With the pictures left aside, write out exactly the lines of the listing below from the line with "Satellite images show" to the line with "Taking the life", both included, and only those.

▶ [STORED DATA]

----

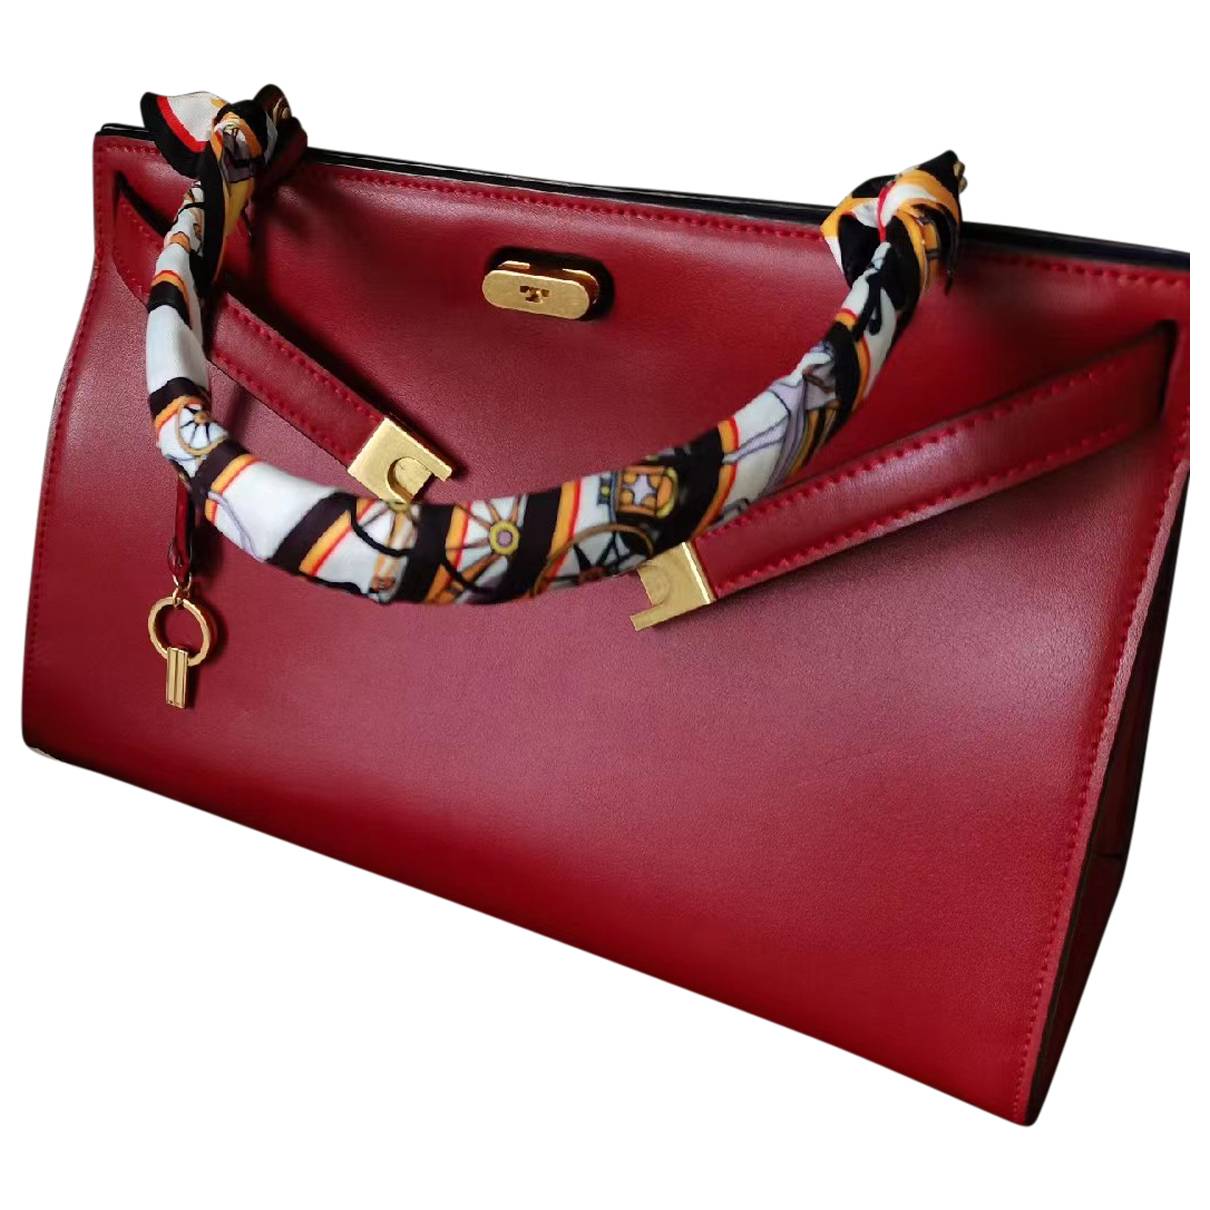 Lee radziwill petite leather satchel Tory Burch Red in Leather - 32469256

----

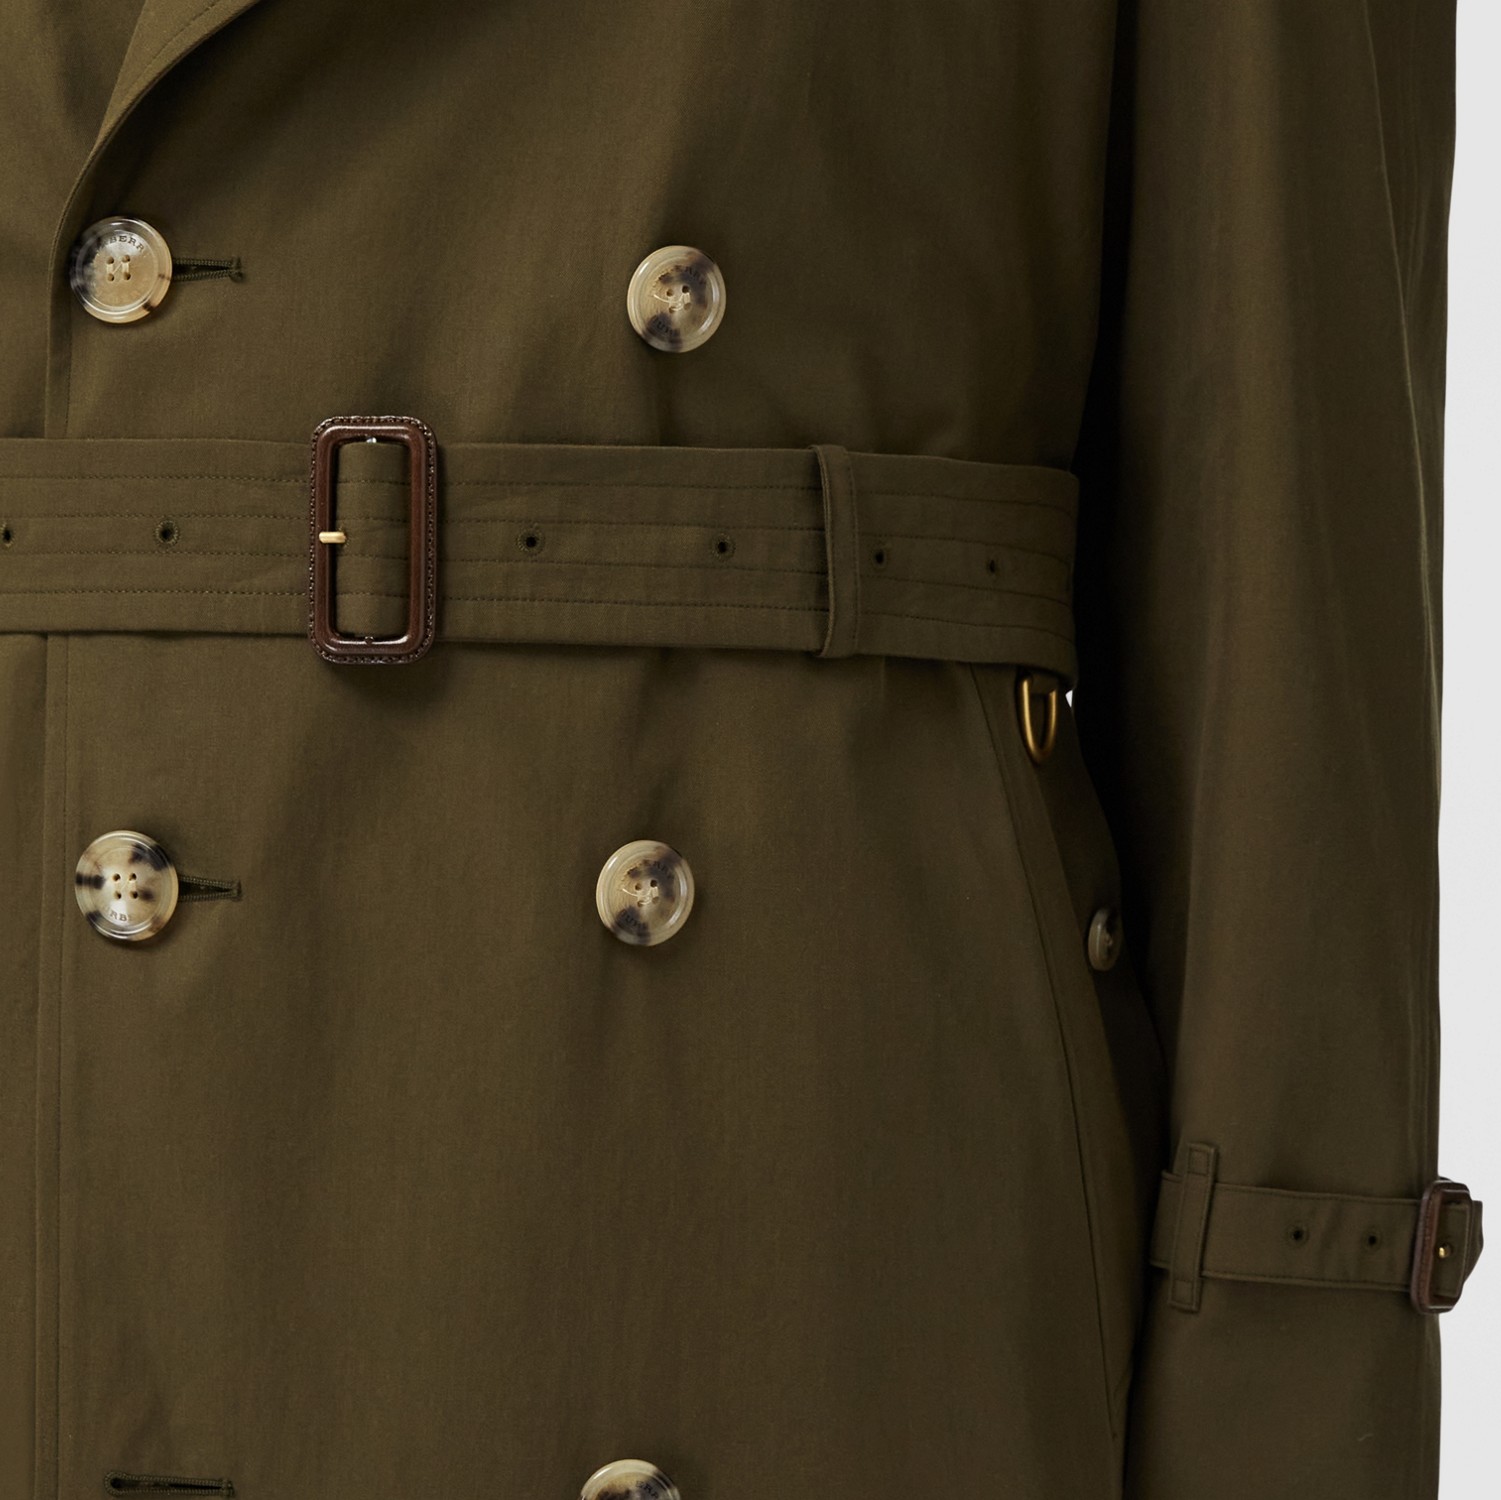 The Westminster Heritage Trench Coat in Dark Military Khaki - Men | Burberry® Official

----

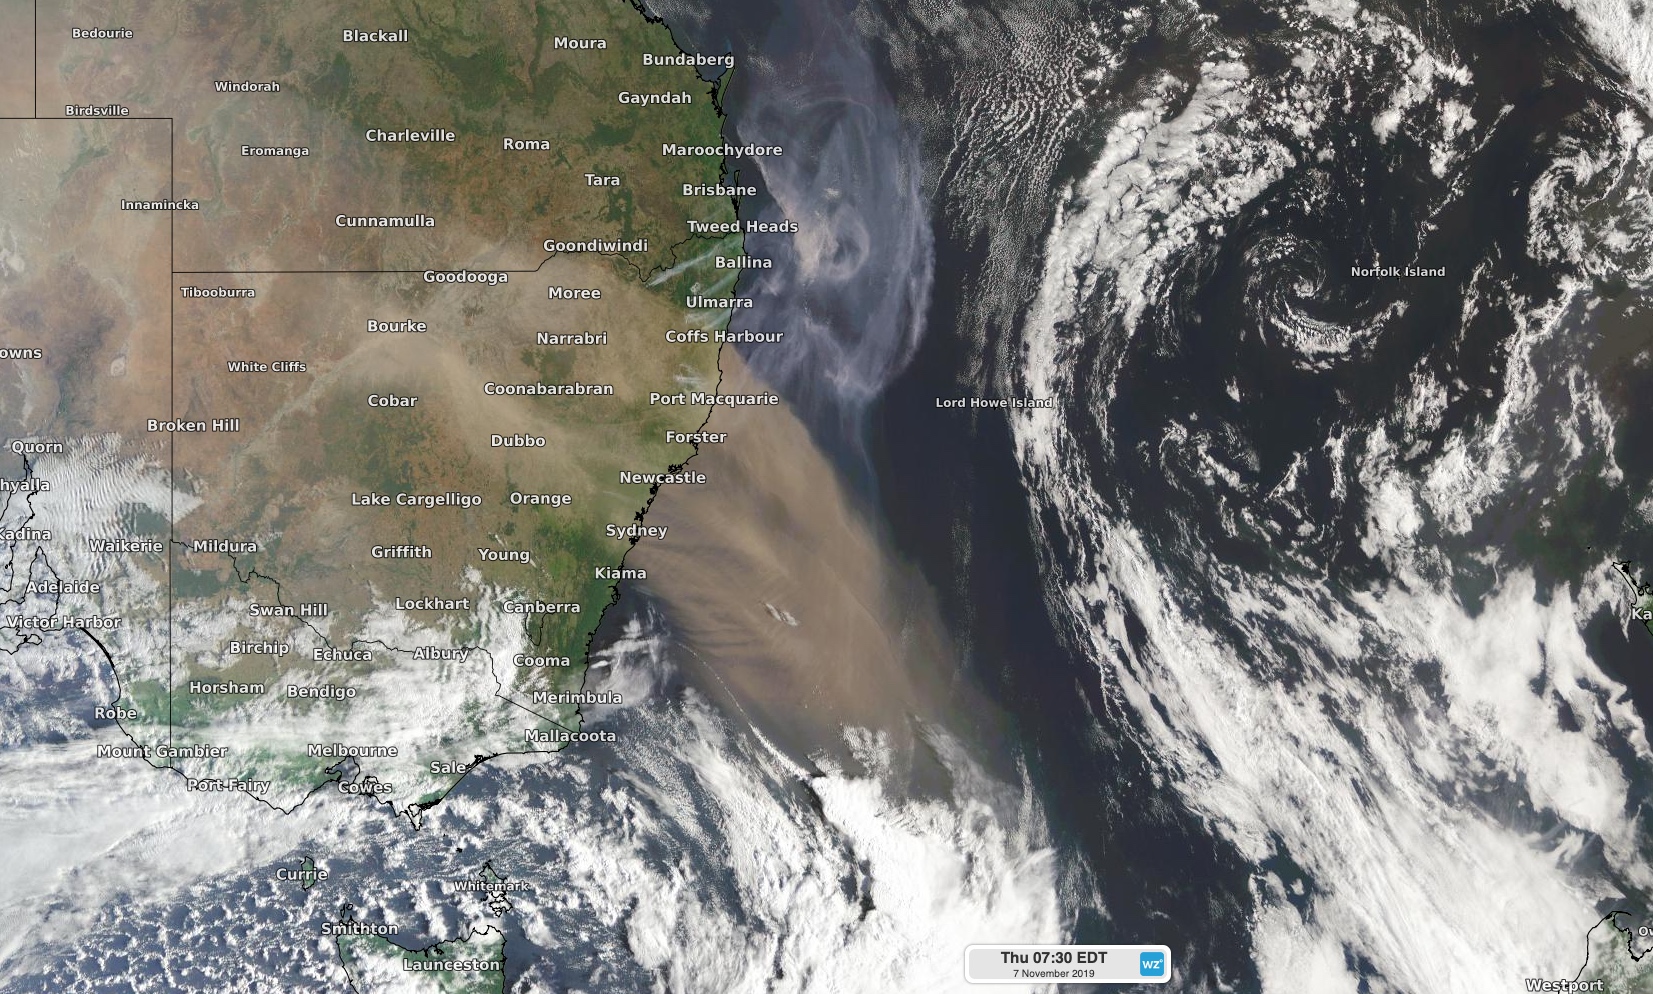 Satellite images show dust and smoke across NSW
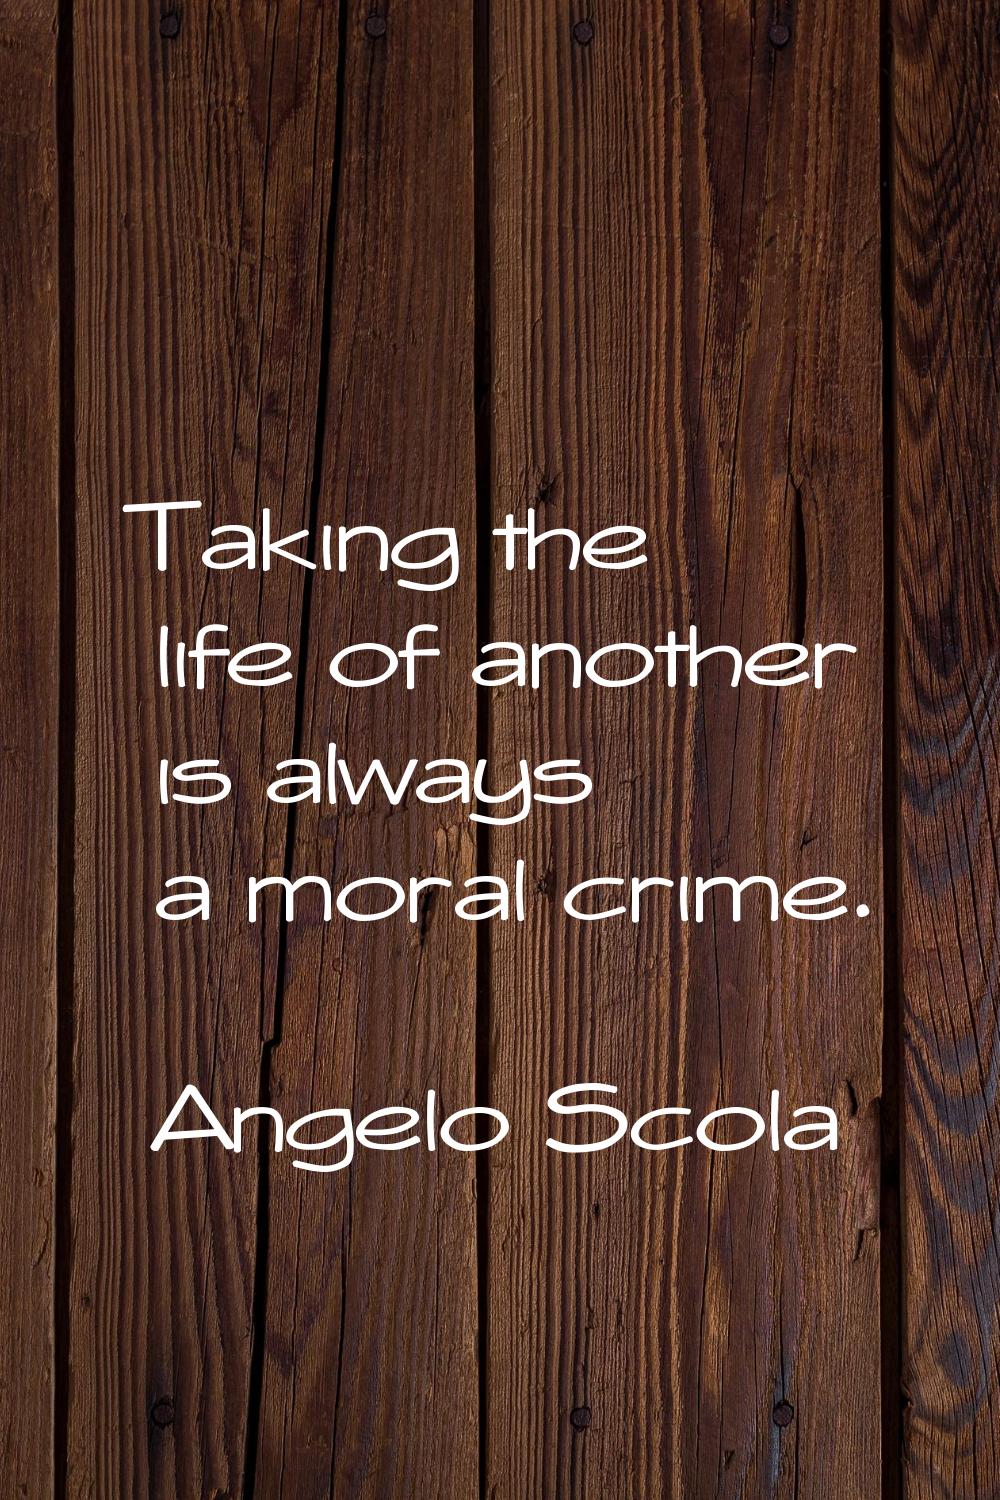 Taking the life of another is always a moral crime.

----

▶ [ANSWER FOR THE TASK]
 Satellite images show dust and smoke across NSW
 Taking the life of another is always a moral crime.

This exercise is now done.